Although the installation hasn’t shown up on Google Earth yet, the current Drachten view seems to have been snapped earlier in 2007, so it’s a matter of waiting for the satellites to come ’round — because we know Google stuff always does.
And while checking out other people’s streets is cool, why don’t we selfishly turn focus inwards and talk about the streets of Philadelphia for a second. Namely, about the amazingly bikeable streets of Philadelphia. Which is why an ambitious new collective, the Bicycle Coalition of Greater Philadelphia, is trying to break Philly’s car habit and take urban sustainability to new heights.
Enter Philly Bike Share — a public use bicycle program that aims to do for Philly what similar efforts have already done for many European cities: provide low-cost alternative transportation, reduce traffic congestion and increase the overall livability of the city. Which jives rather nicely with a few of our big urban gripes: people who live 15 minutes from work but choose to drive, foot-wide cobblestone Old City alleys clogged with SUV’s, and $20 cab rides. Hey, it may even help with our standing on the 25 Fattest Cities in America ranking.
But, in all seriousness, it’s a great idea — not only do we have the largest connected park trail system in the country, but we also have a highly sophisticated urban biking system (download the map here) with over 150 miles of bike lanes, a ton more off-road routes, 1,800 street-side parking racks and even buses equipped with bike racks.

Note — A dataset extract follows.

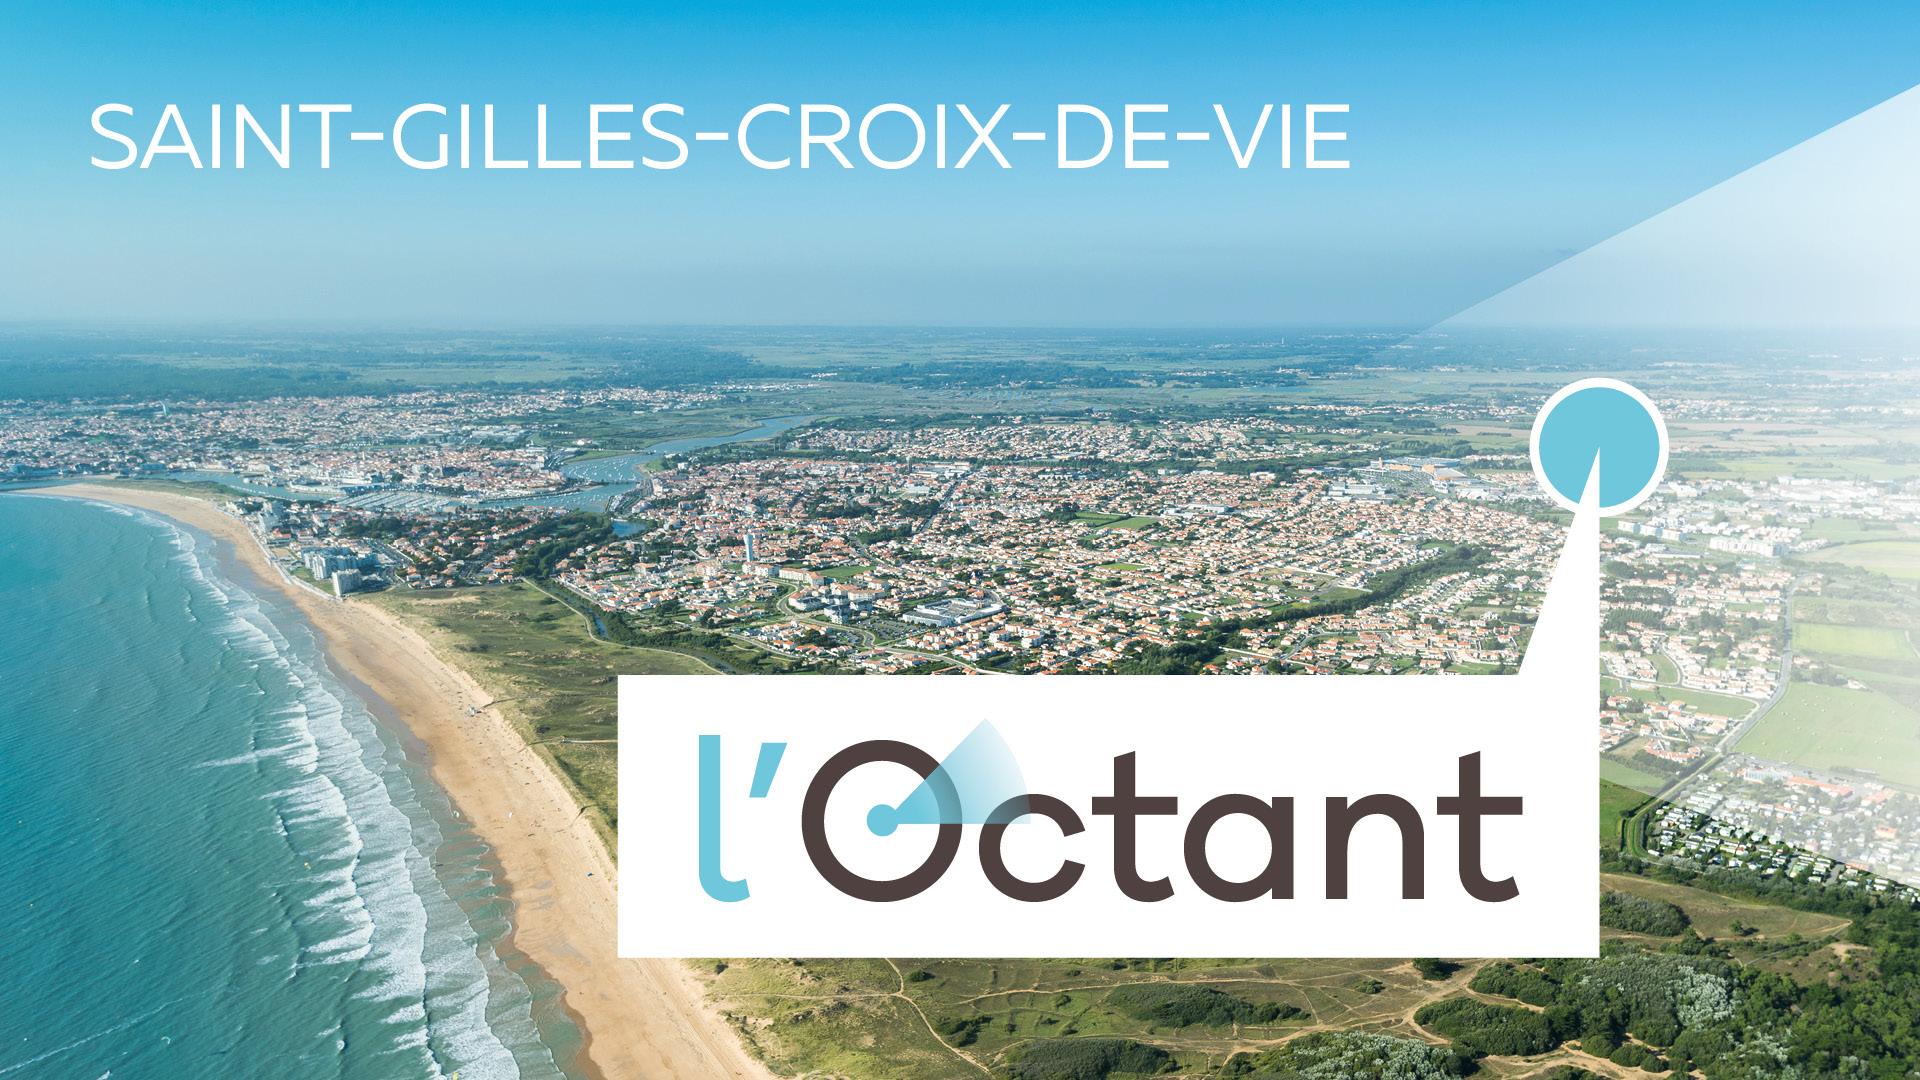 Vue panoramique Saint-Gilles-Croix-de-Vie

Turns out, if we only replaced 5% of Philly’s short-distance car trips (under 5 miles) with bikes, we’d be reducing our carbon footprint by 98 tons of emissions per year. Clearly, we could say that’s a ton — but it would be an obvious understatement. So even if you’re not quite ready to commit for some reason (or if you already have a two-wheeler of your very own), you can help simply by dropping Mayor Nutter this quick email asking him to authorize and fund the program.
Besides, there’s the Dasani Blue Bike program in Pittsburgh — and if Pittsburgh can do something, what exactly are we waiting for?
We’ll sign off with one of our absolute favorite maps — which looks more like Joan Miró on psychedelic drugs than a real map. (Nice find, Wired.) Except it is an honest-to-NASA map of the dark side of the moon, with the different colors corresponding to geological materials and phenomena.
It’s part of a series done under the Astrological Research Program, a 1971-1998 partnership between NASA and the United States Geological Survey. And we think it’s geeky-artsy-cool — our kinda stuff.
Way to go downhill, NASA.
(Finally, special thanks to our new favorite blog, Strange Maps, for further inspiring and fueling our pre-existing map obsession.)